Anatomy of a tuning speclink
Examplelink
module @my_spec attributes { transform.with_named_sequence } {
transform.named_sequence @apply_op_config(%op: !transform.any_op {transform.readonly},
%config: !transform.any_param {transform.readonly}) {
transform.annotate %op "compilation_info" = %config : !transform.any_op, !transform.any_param
transform.yield
}
transform.named_sequence
@match_mmt_f16_f16_f32(%root: !transform.any_op {transform.readonly}) -> !transform.any_op {
transform.match.operation_name %root ["linalg.generic"] : !transform.any_op
%ins, %outs = transform.iree.match.cast_compatible_dag_from_root %root {
^bb0(%lhs: tensor<?x?xf16>, %rhs: tensor<?x?xf16>, %out: tensor<?x?xf32>):
%7 = linalg.generic {indexing_maps = [affine_map<(d0, d1, d2) -> (d0, d2)>,
affine_map<(d0, d1, d2) -> (d1, d2)>,
affine_map<(d0, d1, d2) -> (d0, d1)>],
iterator_types = ["parallel", "parallel", "reduction"]}
ins(%lhs, %rhs : tensor<?x?xf16>, tensor<?x?xf16>) outs(%out : tensor<?x?xf32>) {
^bb0(%in: f16, %in_0: f16, %acc: f32):
%8 = arith.extf %in : f16 to f32
%9 = arith.extf %in_0 : f16 to f32
%10 = arith.mulf %8, %9 : f32
%11 = arith.addf %acc, %10 : f32
linalg.yield %11 : f32
} -> tensor<?x?xf32>
} : (!transform.any_op) -> (!transform.any_value, !transform.any_value)

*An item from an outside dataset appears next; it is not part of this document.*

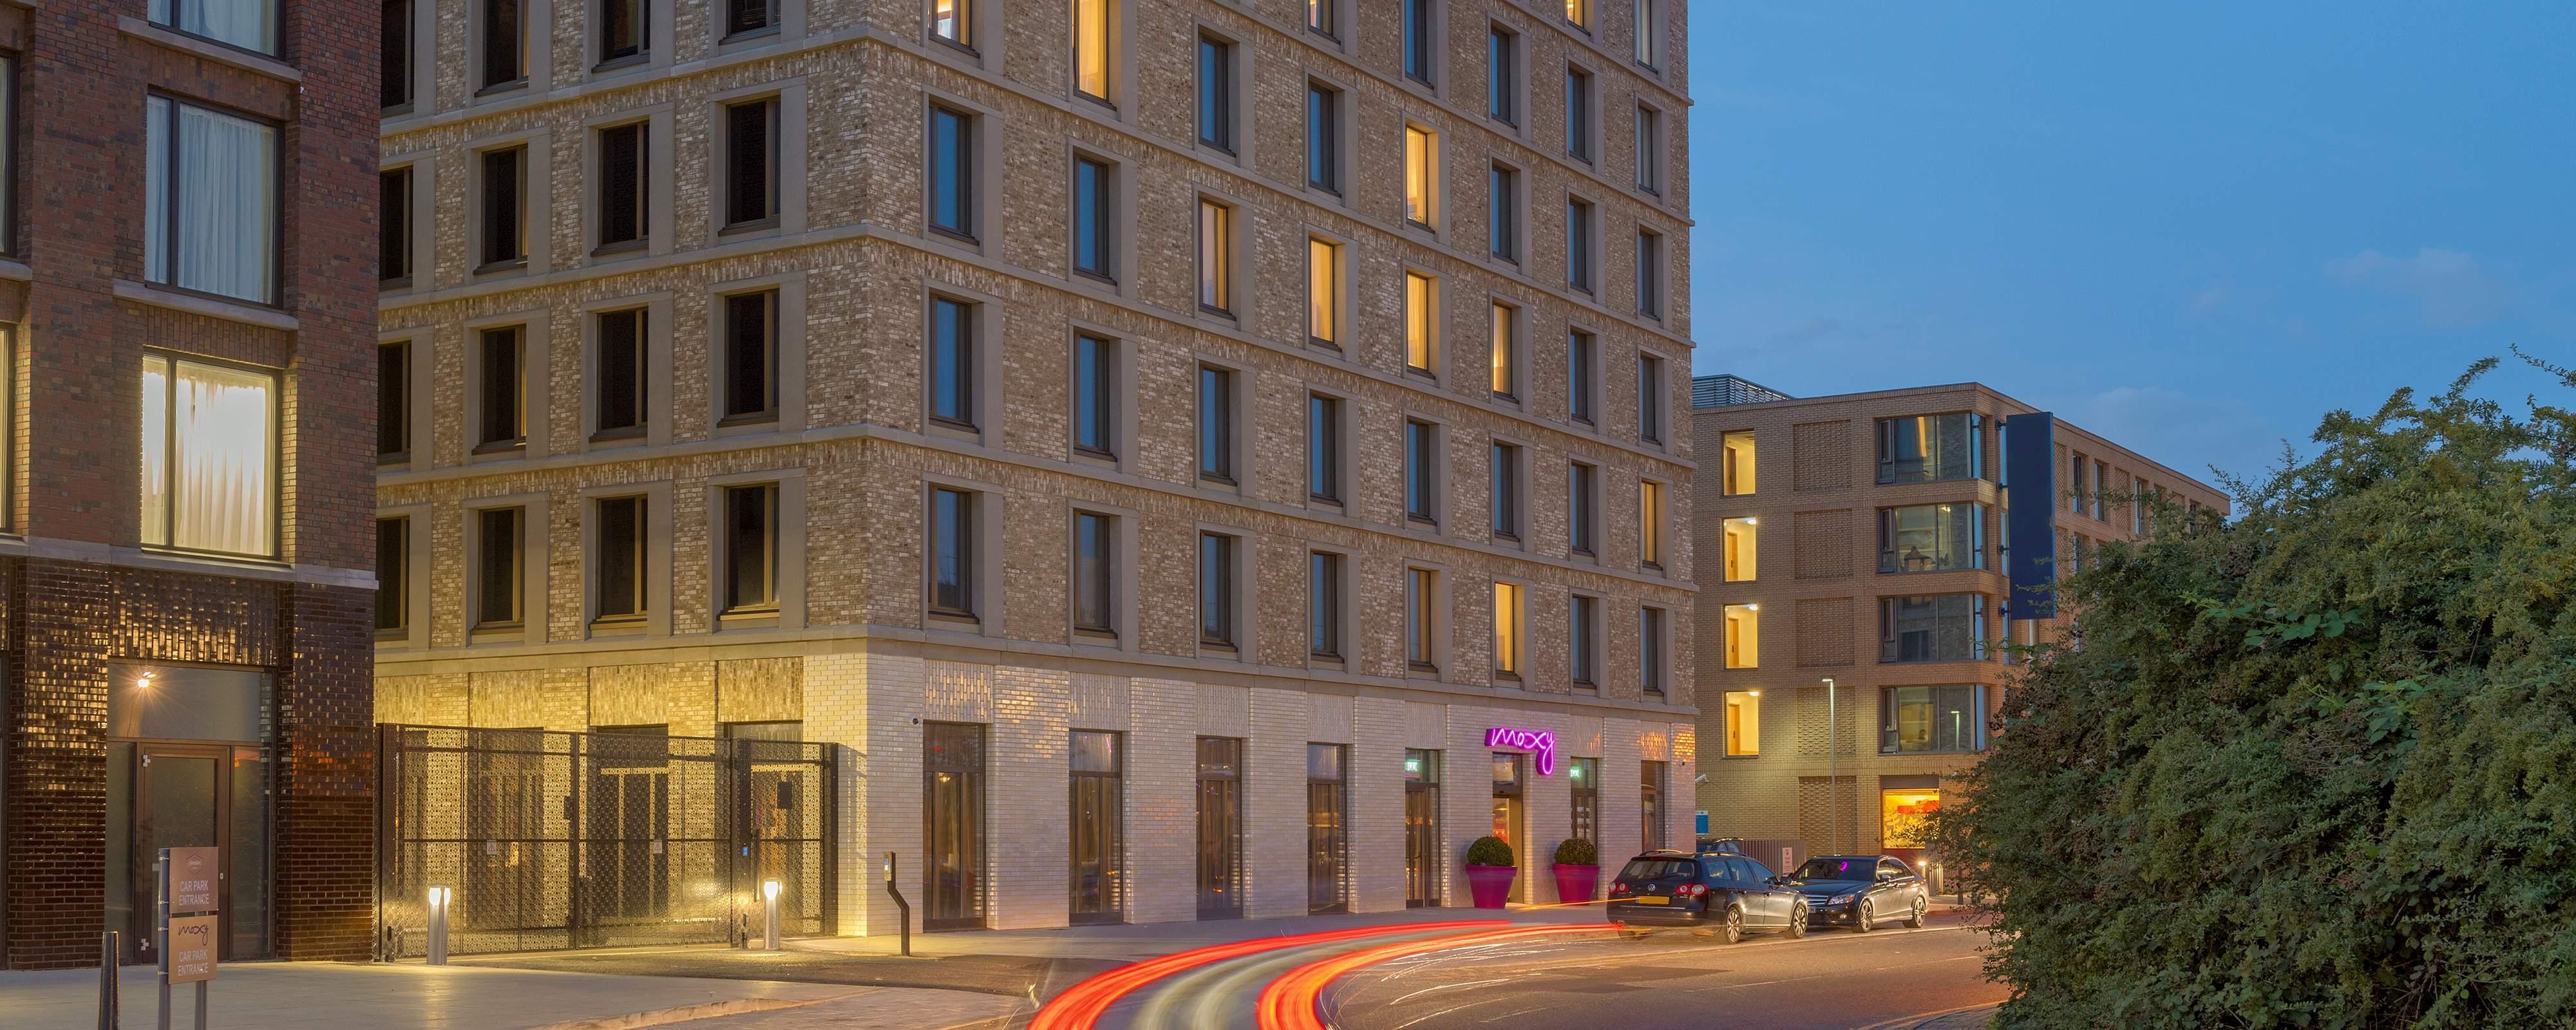 Image for Moxy London Excel, a Marriott hotel.

transform.yield %root : !transform.any_op
}
transform.named_sequence
@match_mmt_2048x1280x5120_f16_f16_f32(%matmul: !transform.any_op {transform.readonly})

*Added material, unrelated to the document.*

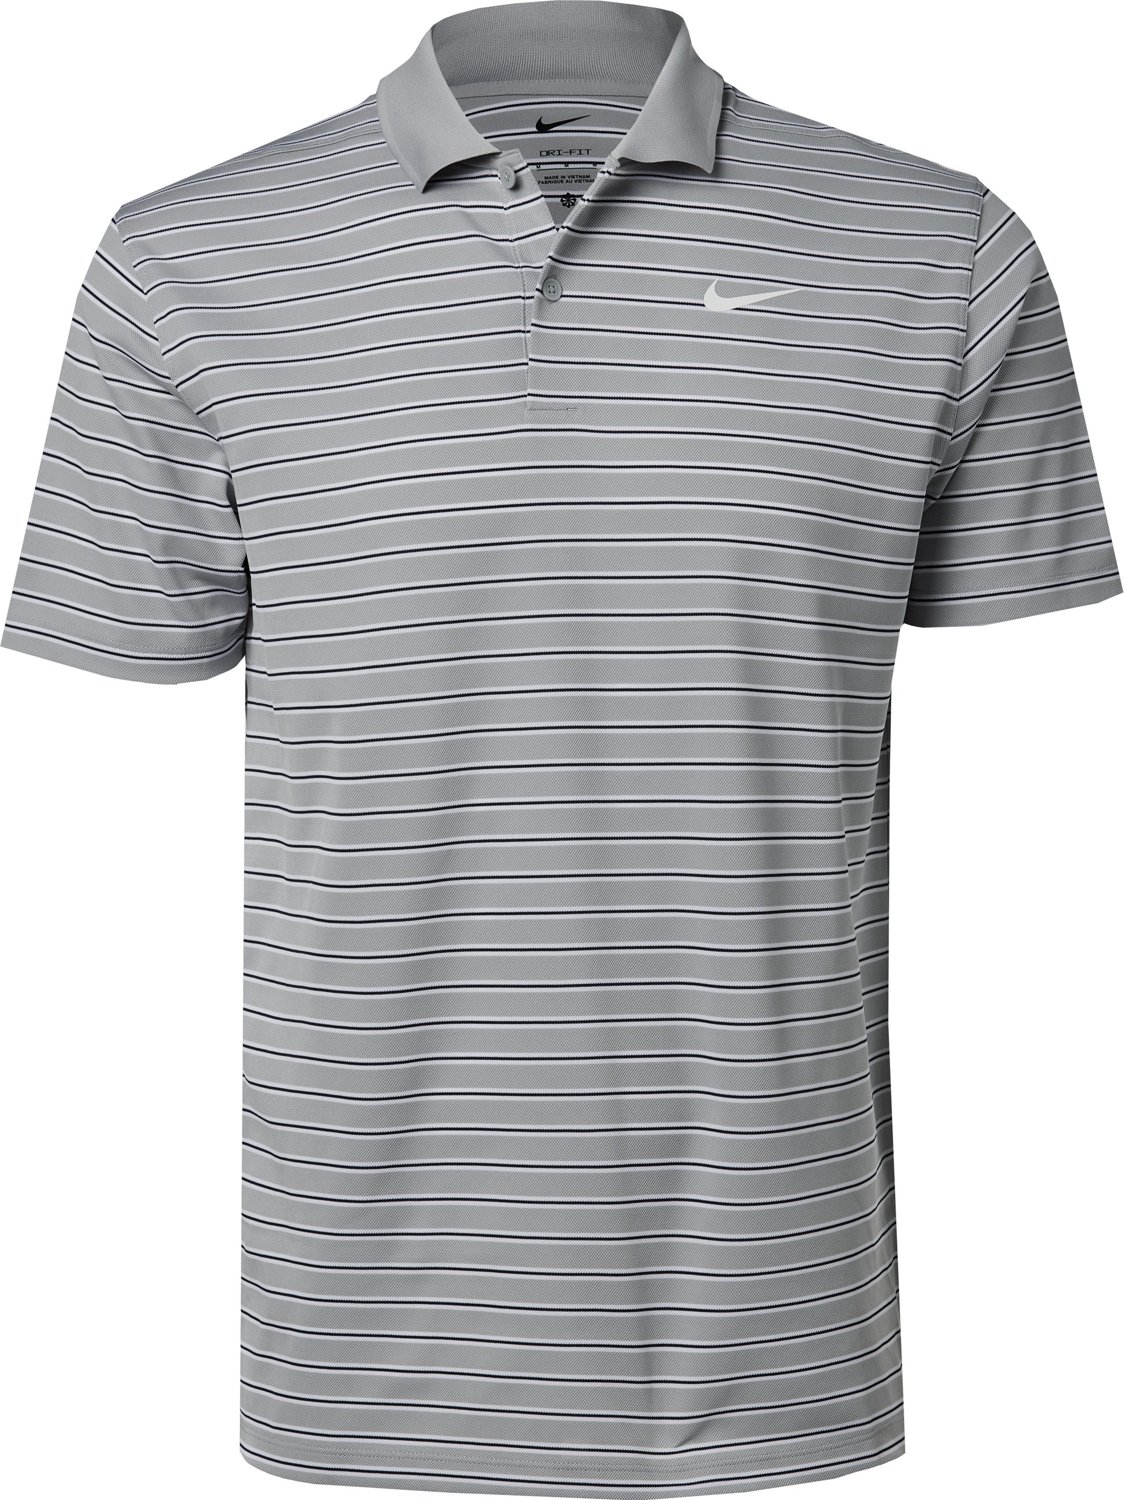 Nike Dri-FIT Victory Striped (MLB St. Louis Cardinals) Men's Polo.

-> (!transform.any_op, !transform.any_param) {
%mmt = transform.include @match_mmt_f16_f16_f32 failures(propagate) (%matmul)

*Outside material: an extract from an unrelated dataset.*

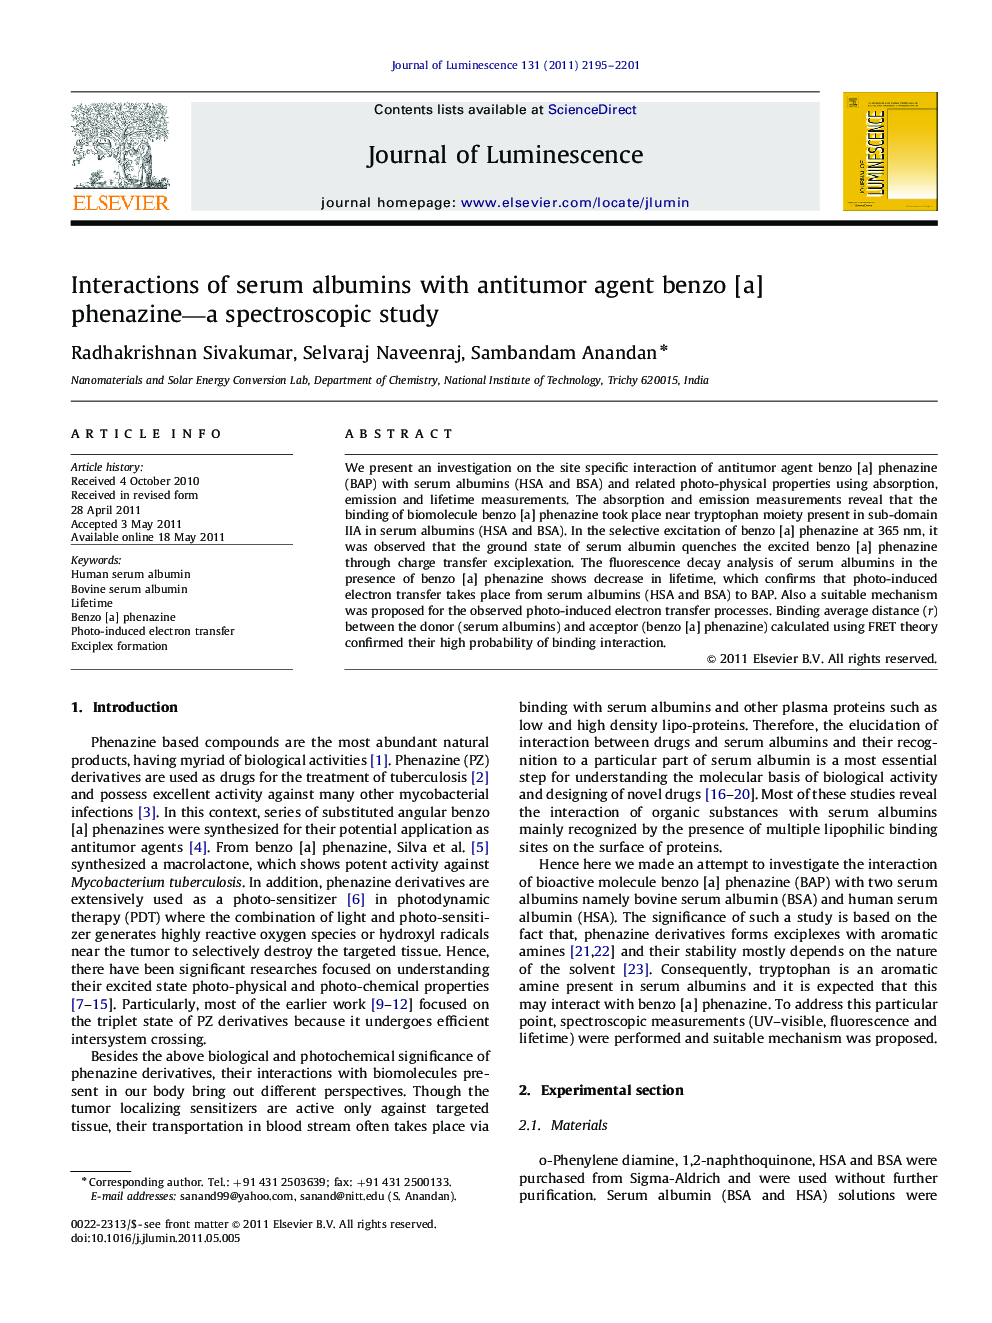 Interactions of serum albumins with antitumor agent benzo [a] phenazine-a spectroscopic study

: (!transform.any_op) -> !transform.any_op
%lhs = transform.get_operand %matmul[0] : (!transform.any_op) -> !transform.any_value
%rhs = transform.get_operand %matmul[1] : (!transform.any_op) -> !transform.any_value
transform.iree.match.cast_compatible_type %lhs = tensor<2048x5120xf16> : !transform.any_value
transform.iree.match.cast_compatible_type %rhs = tensor<1280x5120xf16> : !transform.any_value
%config = transform.param.constant #iree_codegen.compilation_info<
lowering_config = #iree_gpu.lowering_config<{promote_operands = [0, 1],
mma_kind = #iree_gpu.mma_layout<MFMA_F32_16x16x16_F16>,
subgroup_m_count = 2, subgroup_n_count = 2,
reduction = [0, 0, 64],
workgroup = [64, 128, 0]}>,
translation_info = #iree_codegen.translation_info<pipeline = LLVMGPUVectorDistribute
workgroup_size = [256, 1, 1] subgroup_size = 64,
{gpu_pipeline_options = #iree_gpu.pipeline_options<prefetch_shared_memory = true>}>
> -> !transform.any_param
transform.yield %matmul, %config : !transform.any_op, !transform.any_param
}
transform.named_sequence
@__kernel_config(%variant_op: !transform.any_op {transform.consumed}) -> !transform.any_op
attributes { iree_codegen.tuning_spec_entrypoint } {
%res = transform.foreach_match in %variant_op
@match_mmt_2048x1280x5120_f16_f16_f32 -> @apply_op_config
: (!transform.any_op) -> !transform.any_op
transform.yield %res : !transform.any_op
}
}
Explanationlink
Tuning specs are transform dialect libraries that conform to the following format:
- All tuning spec entry points (named sequence ops) are marked with the
iree_codegen.tuning_spec_entrypoint
attribute. They have a single argument of type!transform.any_op
and return a single value of type!transform.any_op
. - All entry points in the final tuning specs must either read
(
transform.readonly
) or consume (transform.consumed
) the argument.
The tuning spec above attempts to match linalg.generic
ops that correspond to the
matmul operation with the RHS operand transposed (a.k.a. mmt) of shape
2048x1280x5120
and f16
operand element types and f32
result element type.
If the match succeeds, the tuning spec applies the compilation_info
attribute
that will drive the code generation. This attribute is considered a compiler
implementation detail; in general, each codegen pipeline has its own
requirements as to what is considered a valid compilation info and how to
interpret it.
Tuning specs get executed by the 'Materialize User Configs` pass.